[[ Data below, beginning ]]
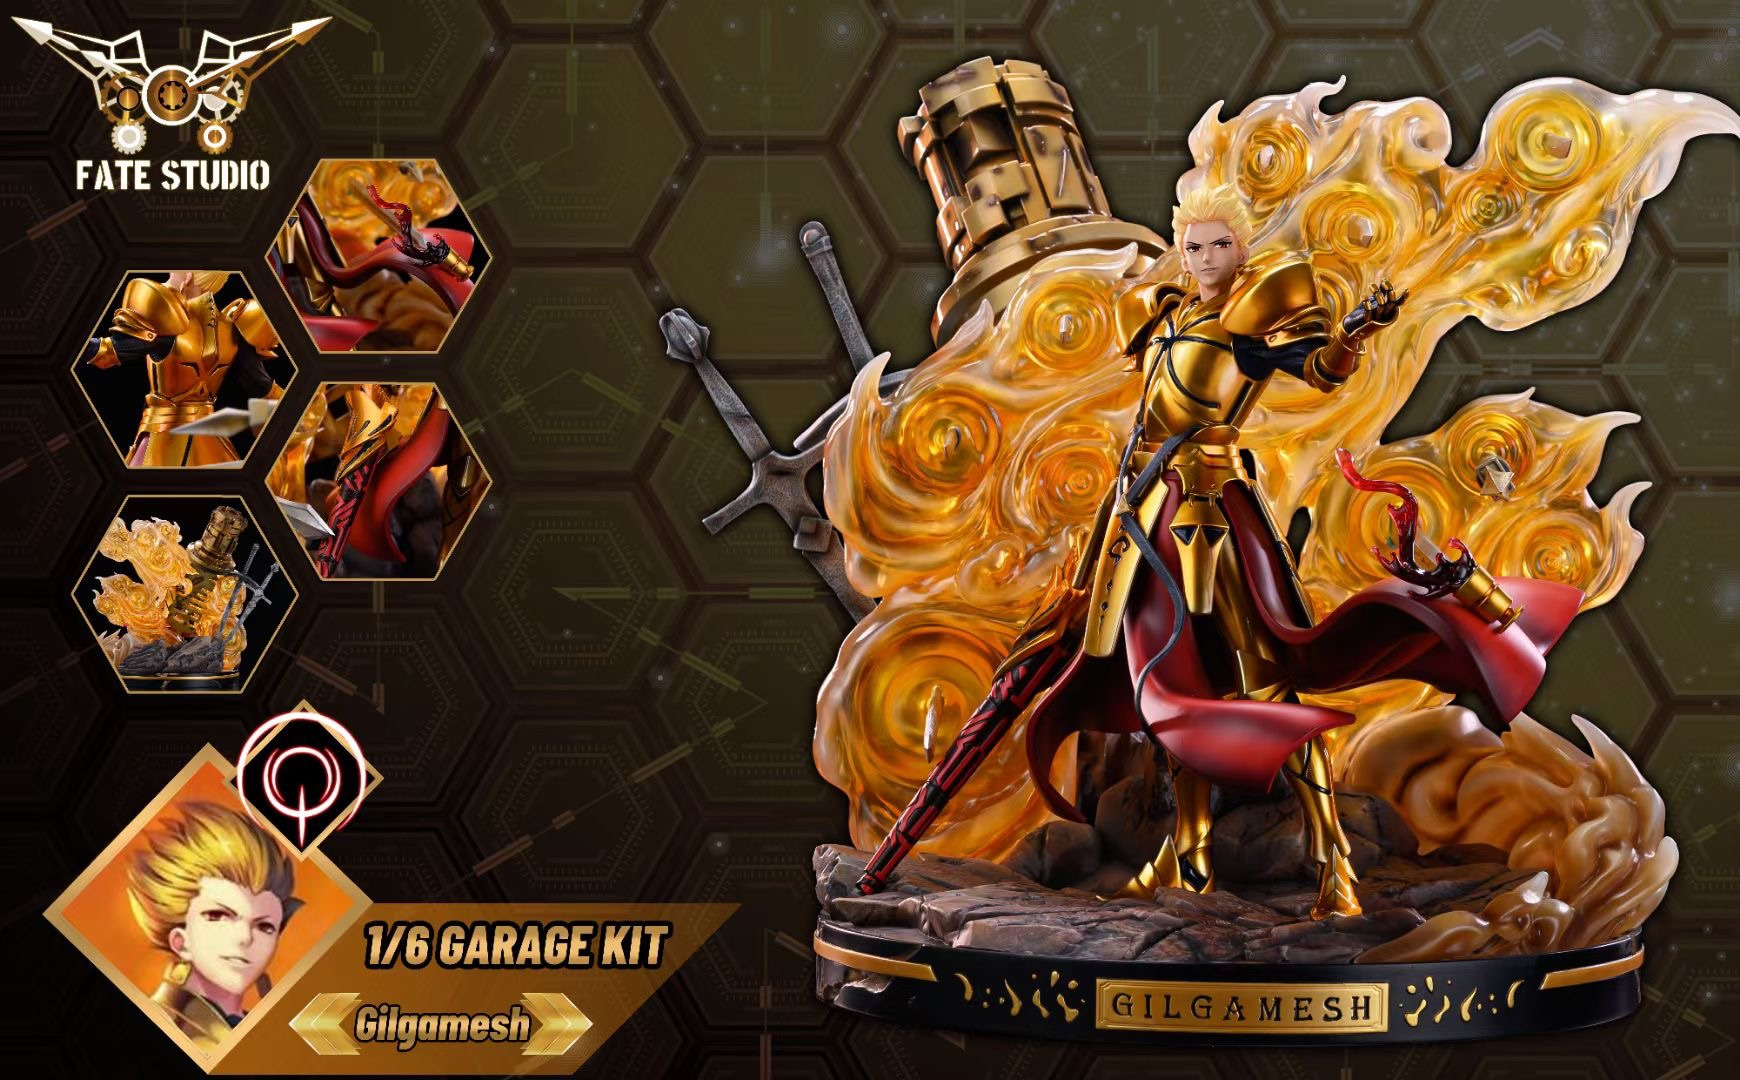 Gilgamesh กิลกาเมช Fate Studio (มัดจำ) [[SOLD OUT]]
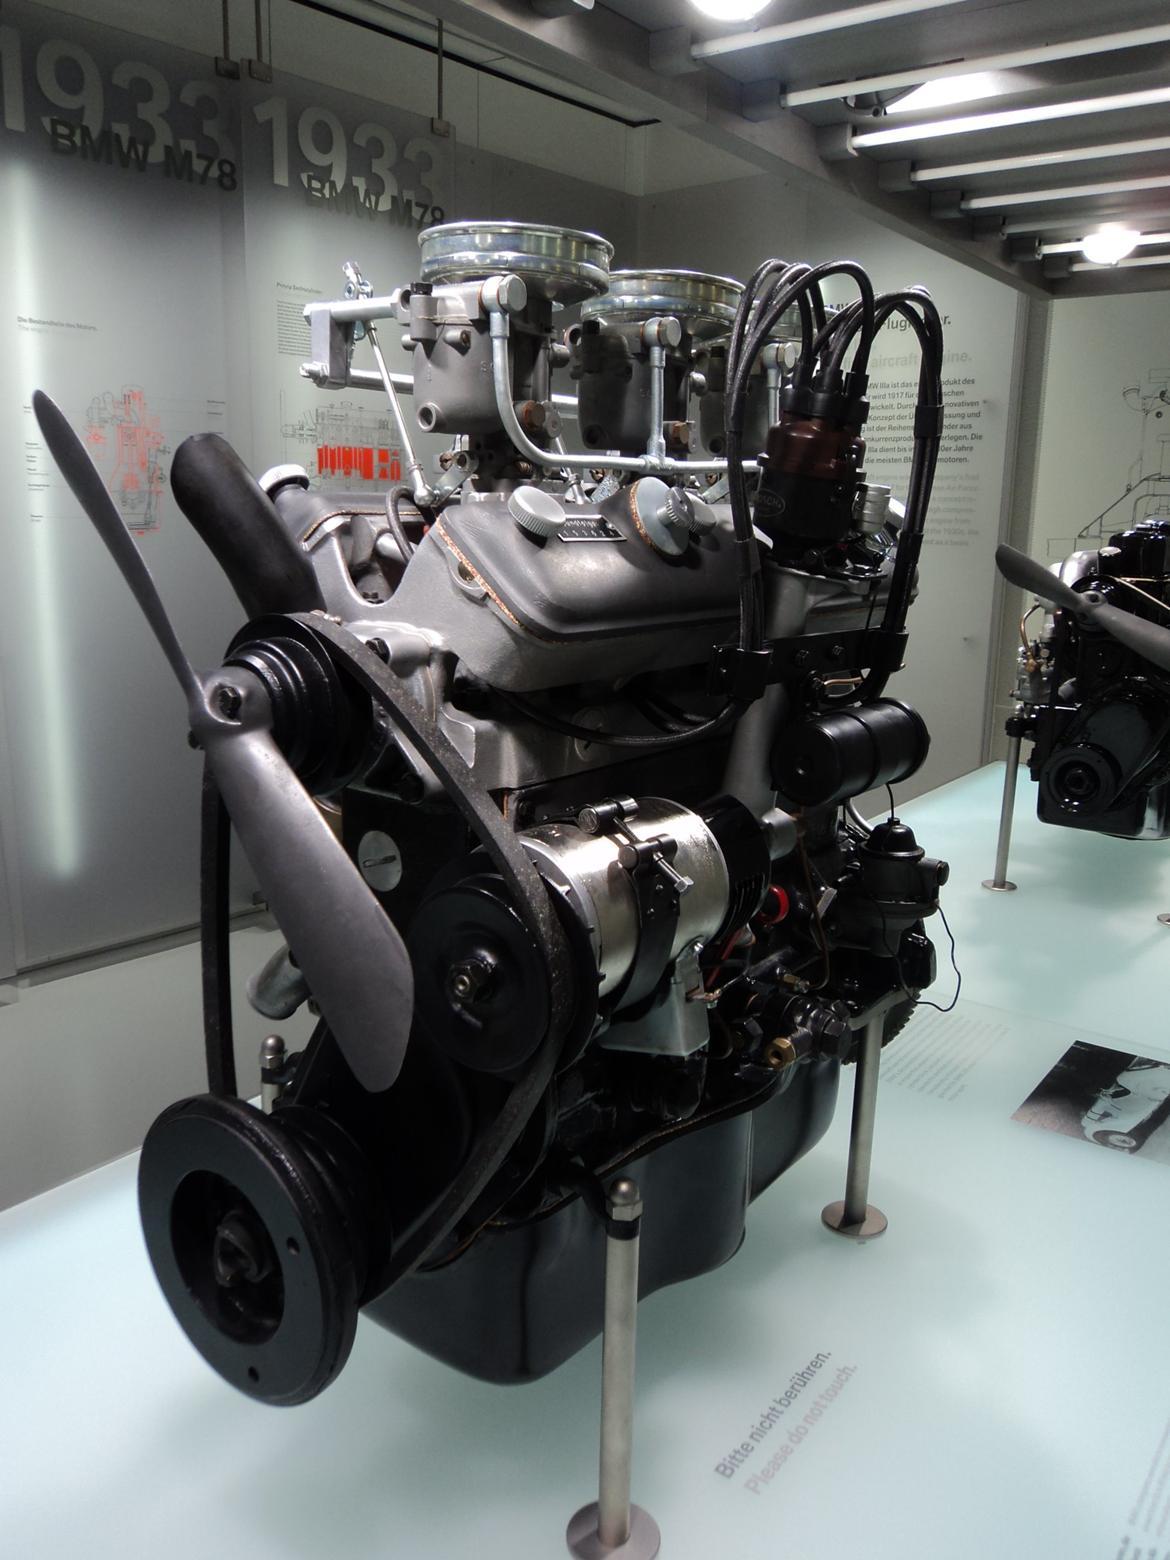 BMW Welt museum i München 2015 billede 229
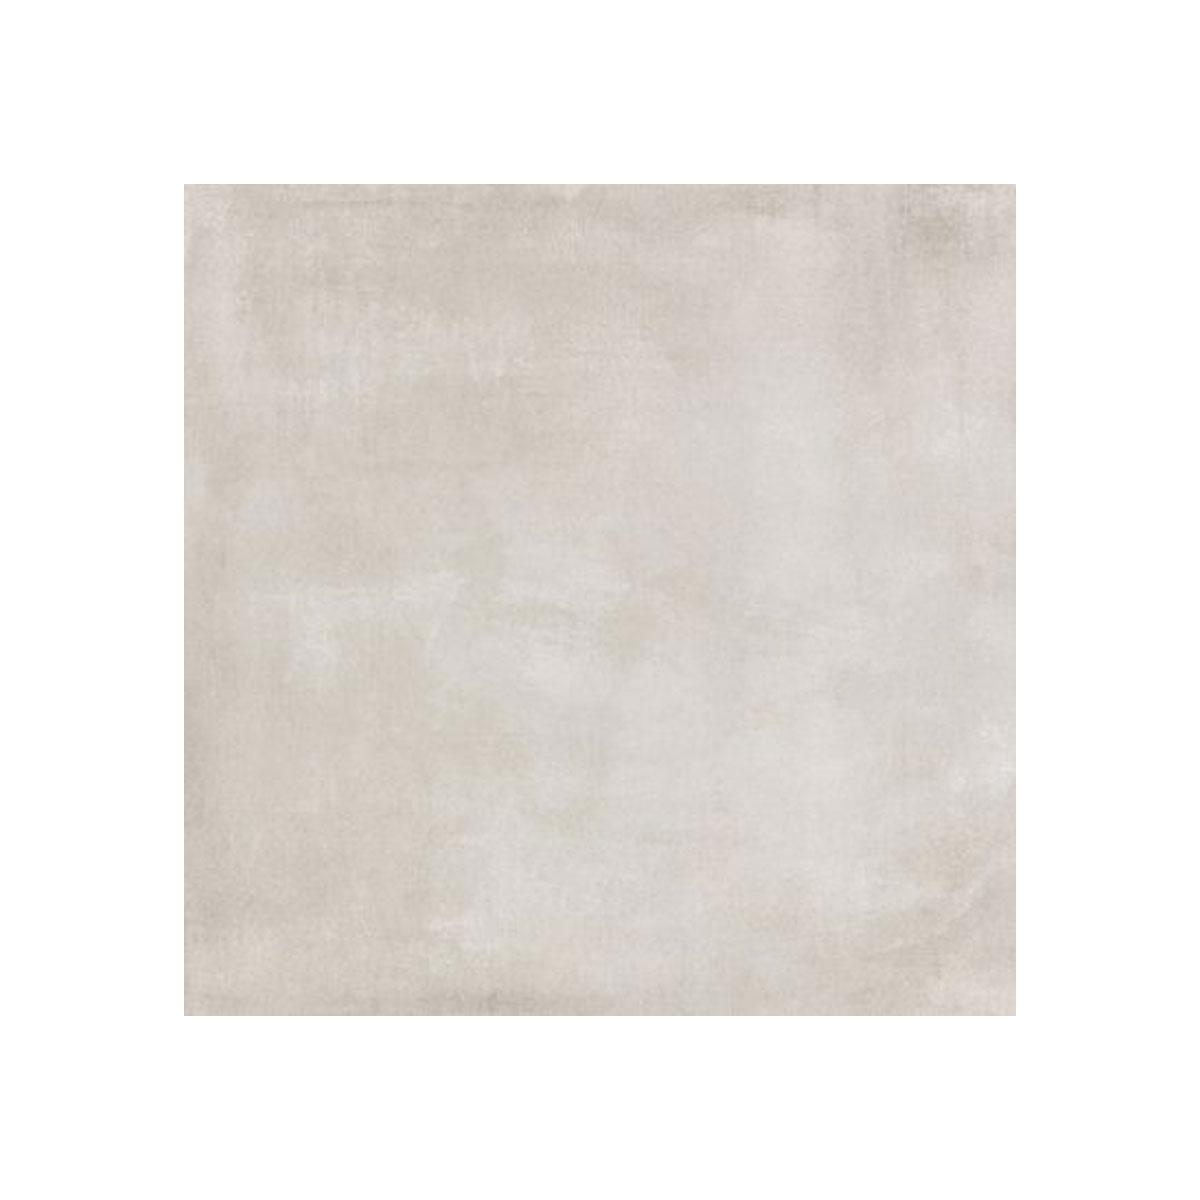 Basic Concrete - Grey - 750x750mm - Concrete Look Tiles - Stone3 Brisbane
[[ Data below, end ]]
Pictures stay out of the answer; the rest of the listing above is returned exactly.

*Task response*.
 Gilgamesh กิลกาเมช Fate Studio (มัดจำ) [[SOLD OUT]]
 BMW Welt museum i München 2015 billede 229
 Basic Concrete - Grey - 750x750mm - Concrete Look Tiles - Stone3 Brisbane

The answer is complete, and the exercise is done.